Write each line out exactly, from the one containing "Orange Solid Jacquard" through the final line of the data, and keep pictures out of the copy.

DATASET CONTENT:

____

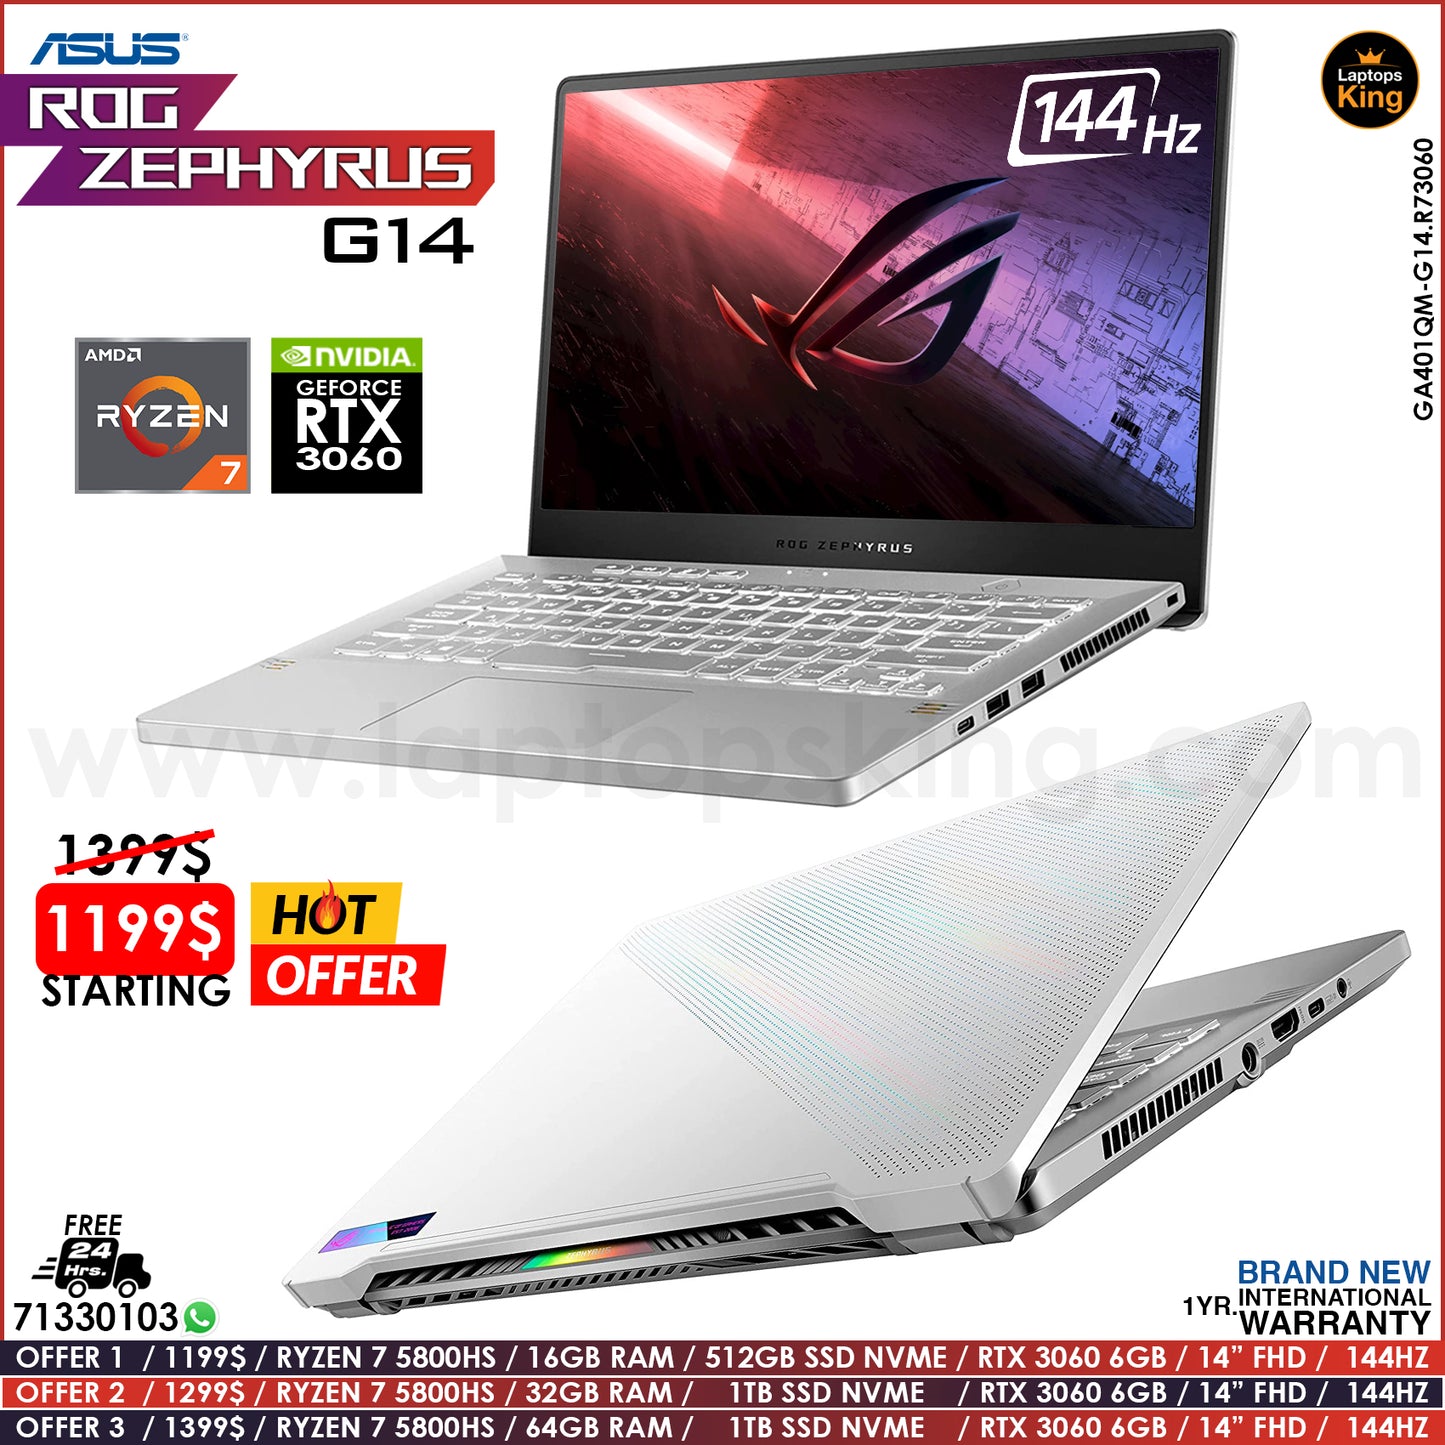 Asus Rog Zephyrus G14 GA401QM-G14.R73060 Ryzen 7 5800hs Rtx 3060 144hz Gaming Laptops (Brand New)
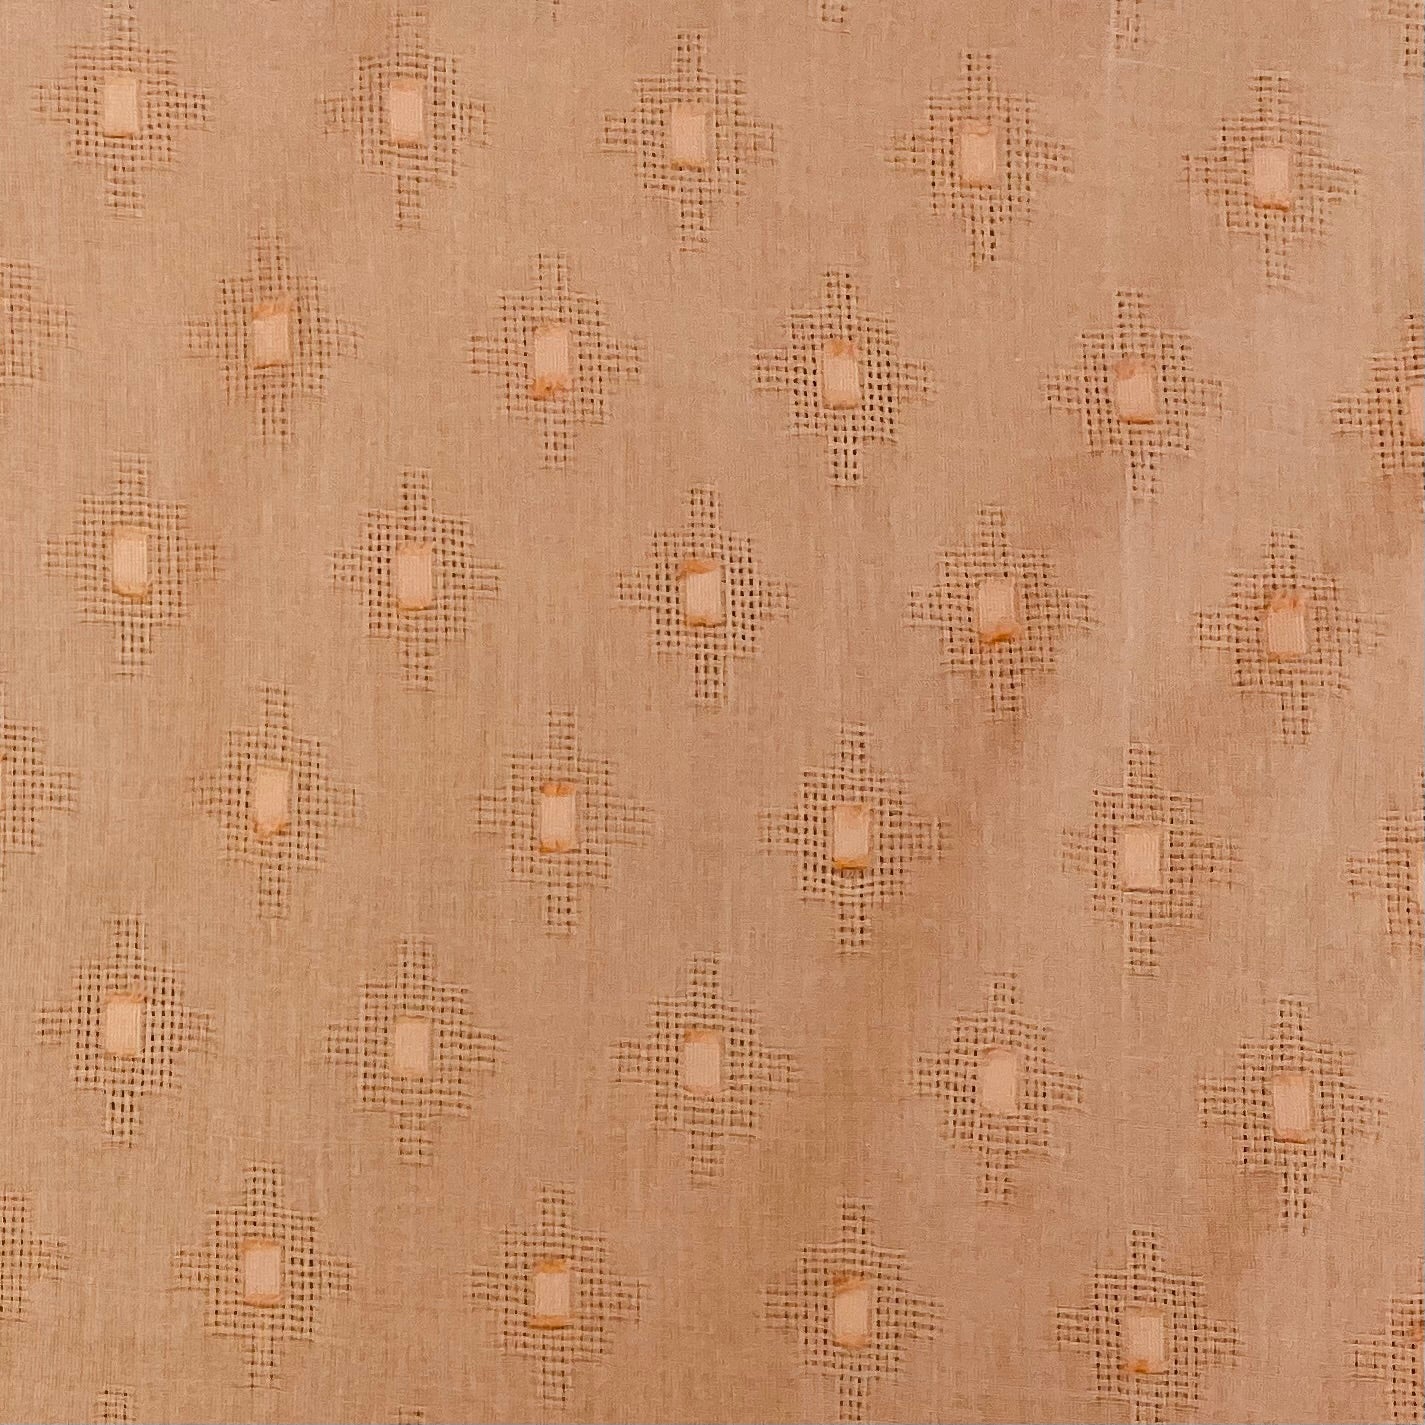 Orange Solid Jacquard Cotton Fabric, 48 Inches Plain Weave, TU-1976
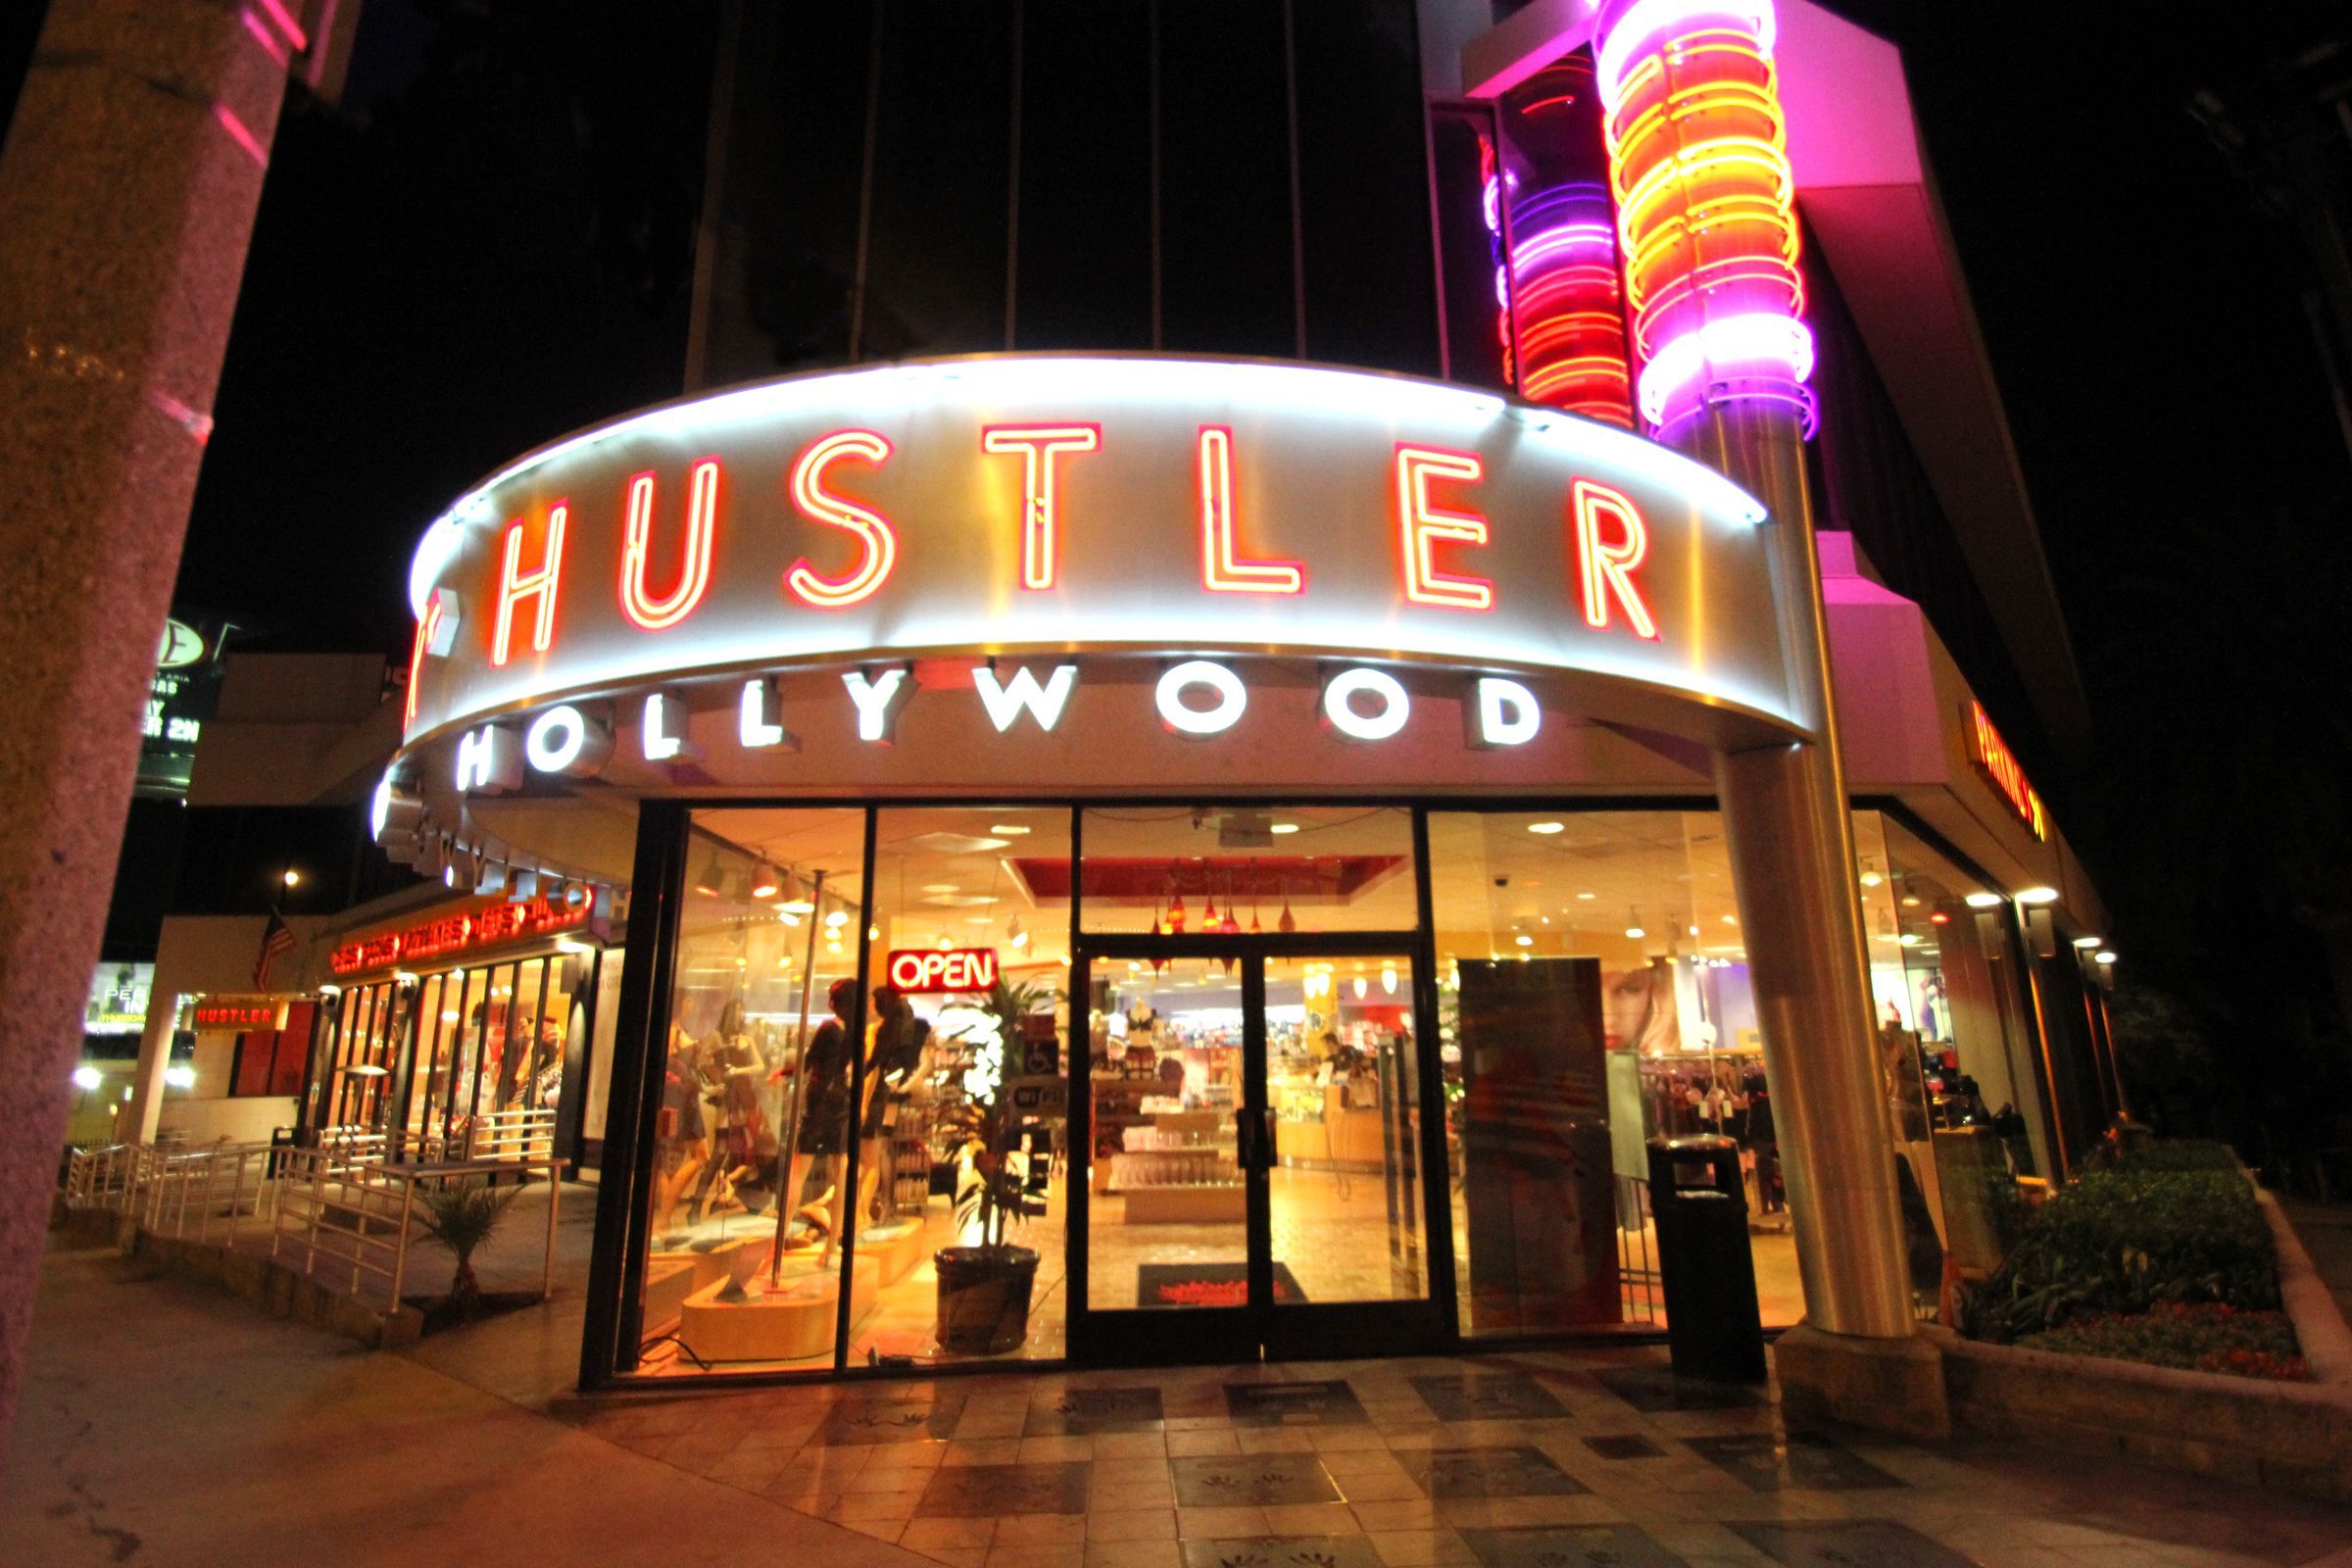 Hollywood hustler birmingham

____

PROBLEM SOLUTION:
 Orange Solid Jacquard Cotton Fabric, 48 Inches Plain Weave, TU-1976
 Hollywood hustler birmingham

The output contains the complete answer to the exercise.